عنوان مقاله [English]
Introduction: Soil salinization is increasing across developing world countries and agricultural production is decreasing as a result of this stress. Climate change could adversely affect soil salinization trend through the decrease in rainfall and increased evapotranspiration in arid regions. Policy and decision makers require continuous and quantitative monitoring of soil salinity to adapt with the adverse effects of climate change and increasing need for food. Indices derived from near surface or satellite based sensors are increasingly applied for monitoring of soil salinity so a considerable number of these indices are introduced already for soil salinity monitoring. Different regression methods have been already used for modeling and verification of developed models amongst them multiple linear regression (including stepwise, forward selection and backward elimination) and partial least square regression are the most important methods.
Materials and Methods: To evaluate different approaches for modeling soil salinity against remotely sensed data, an area of about 50000 ha was selected in Sabzevar- Davarzan plain during 2013 and 2014 years. The locations of sampling points were determined using Latin Hypercube Sampling (LHS) strategy. Sampling density was 97 points for 2013 and 25 points for 2014. All points were sampled down to 90 cm depth in 30 cm increments. Totally 366 soil samples were analyzed in the laboratory for electrical conductivity of saturated extract. Electromagnetic induction device (EM38) was also used to measure bulk soil electrical conductivity for the sampling points at the first year and sampling points and 8 points around it at the second year. Totally 97 and 225 EM measurements were also recorded for first and second years respectively. Mean measured soil EC data were calibrated against the EM measurements. Finding the fair correlations, the EM and EC data could be converted to each other. 23 spectral indices derived from Landsat 8 images in the sampling dates along with DEM were used as independent variables. Multiple Linear Regression (MLR) and Partial Least Square Regression (PLSR) methods were evaluated for their fitness in predicting soil salinity from independent variables in different calibration and verification datasets.
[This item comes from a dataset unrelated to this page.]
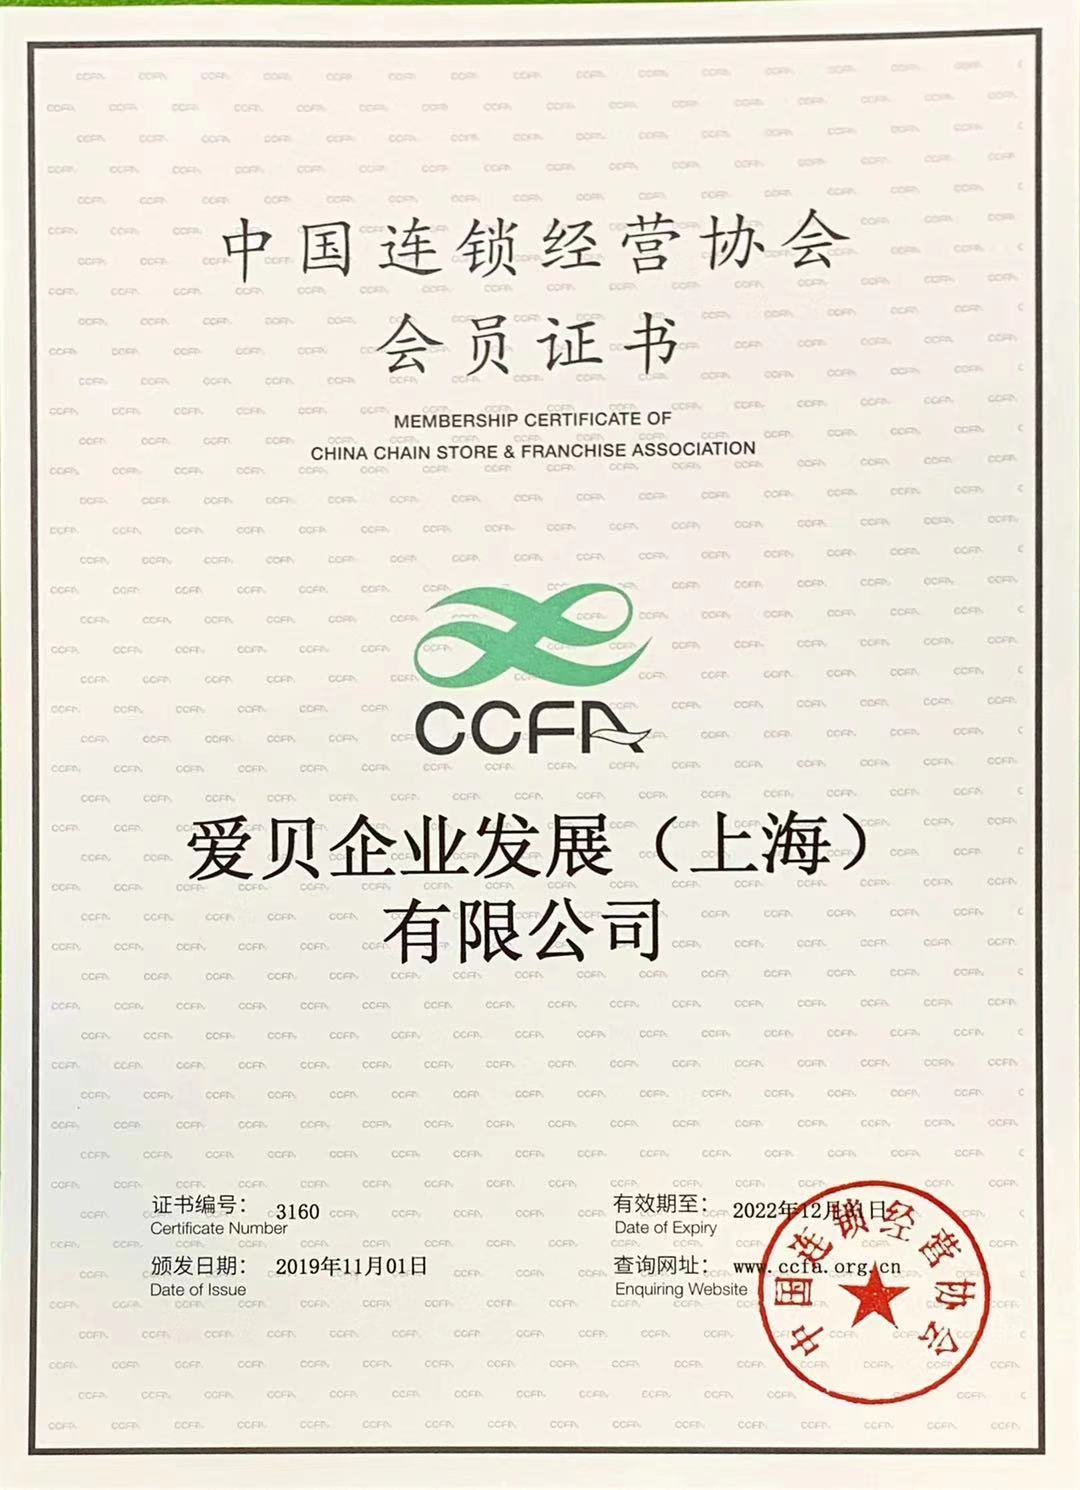 会员证书加入中国连锁经营协会是爱贝品牌发展的一个全新里程碑,在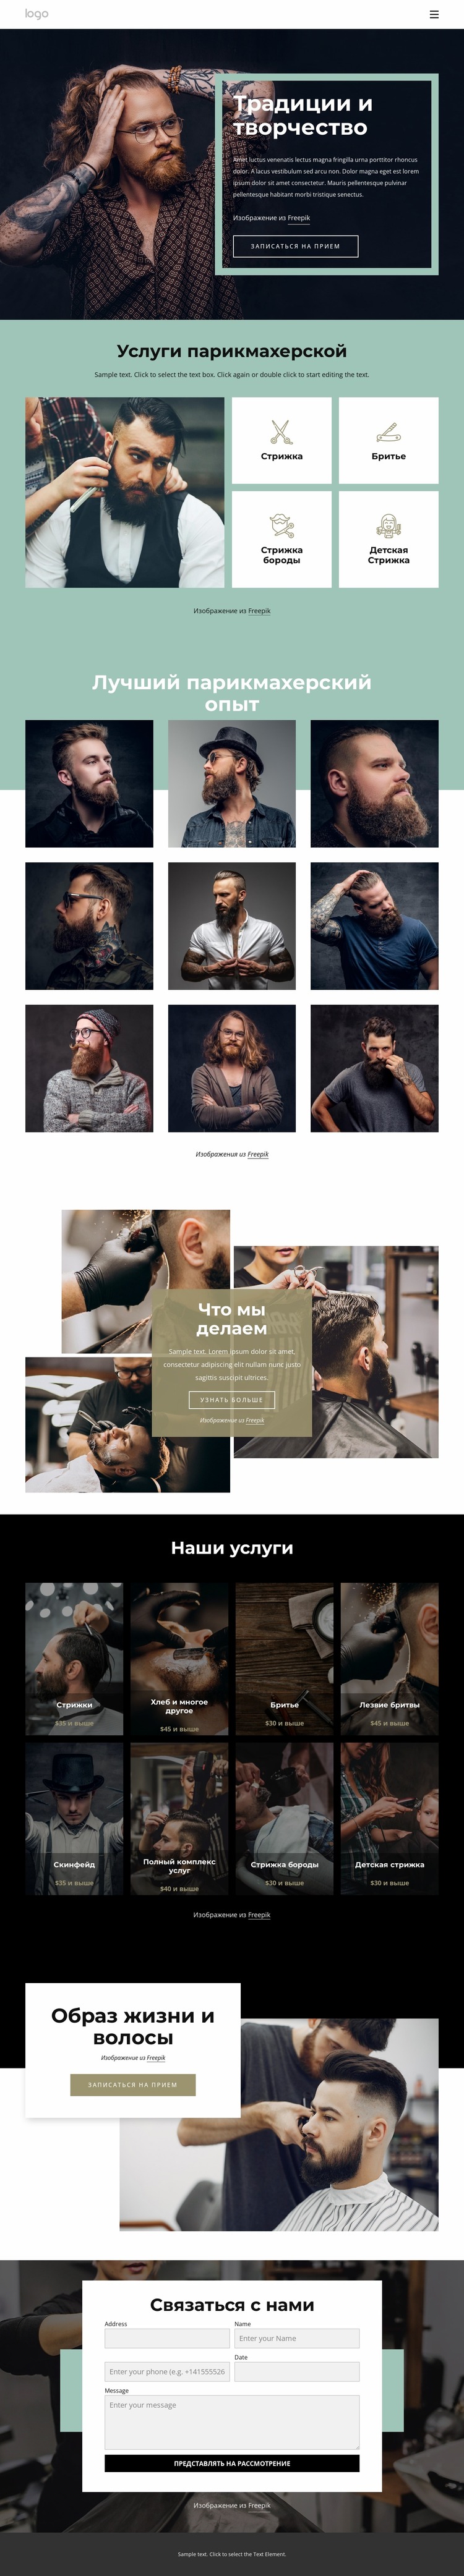 Общественный парикмахерский салон Шаблон Joomla

Results and Discussion: Different multiple linear regression approaches using the first year data for training and second year data for testing the models and vice versa were evaluated which produced determination coefficients of about 22 to 88 percent in the training dataset but this regression did not reach to 29 percent in the test dataset. Due to the multiple co-linearity amongst the independent variables the multiple linear regression methods were not applicable to all variables. Excluding the co-linear variables, log- transforming and randomizing them into train and test datasets improved the determination coefficient of model and its validation at an acceptable level. Application of partial least square regression using the original and log- transformed data of first and second years as train and test datasets and vice versa introduced determination coefficients of about 39 to 85 percent in the training dataset but were not able to predict in the test dataset. Random dividing of all data into train and test datasets considerably increased the determination coefficient in the verification dataset. Repeating the randomization showed that the approach has the required consistency for predicting the coefficients of variables.
Conclusions: Wide range of independent variable could be used for predicting soil salinity from remotely sensed data and indices. On the other hand the independent variables generally show multi-colinearity amongst themselves. Correlation matrix, variance inflation factor and tolerance indices could be used to identify multi-colinearity. Removing or scaling the variable with high colinearity could improve the regression. Different data transformation methods including log- transformation could also significantly improve the strength of regression. In this research EM data showed more significant correlations with spectral indices in comparison with laboratorial measured EC data. As the EM38 device measures the reflectance in special range of spectrum this higher correlation could be expected. Such models should be calibrated and verified against ground truth data. Generally a part of data set is used for calibrating (making the model) and the remained for verifying (testing the model). Random dividing of the total data of 2 years into calibration (2/3 of data) and verification (1/3 of data) could significantly improve the regression in the verification data set. This procedure increases the range of variability for data used for calibration and verification and prevents outlier predictions.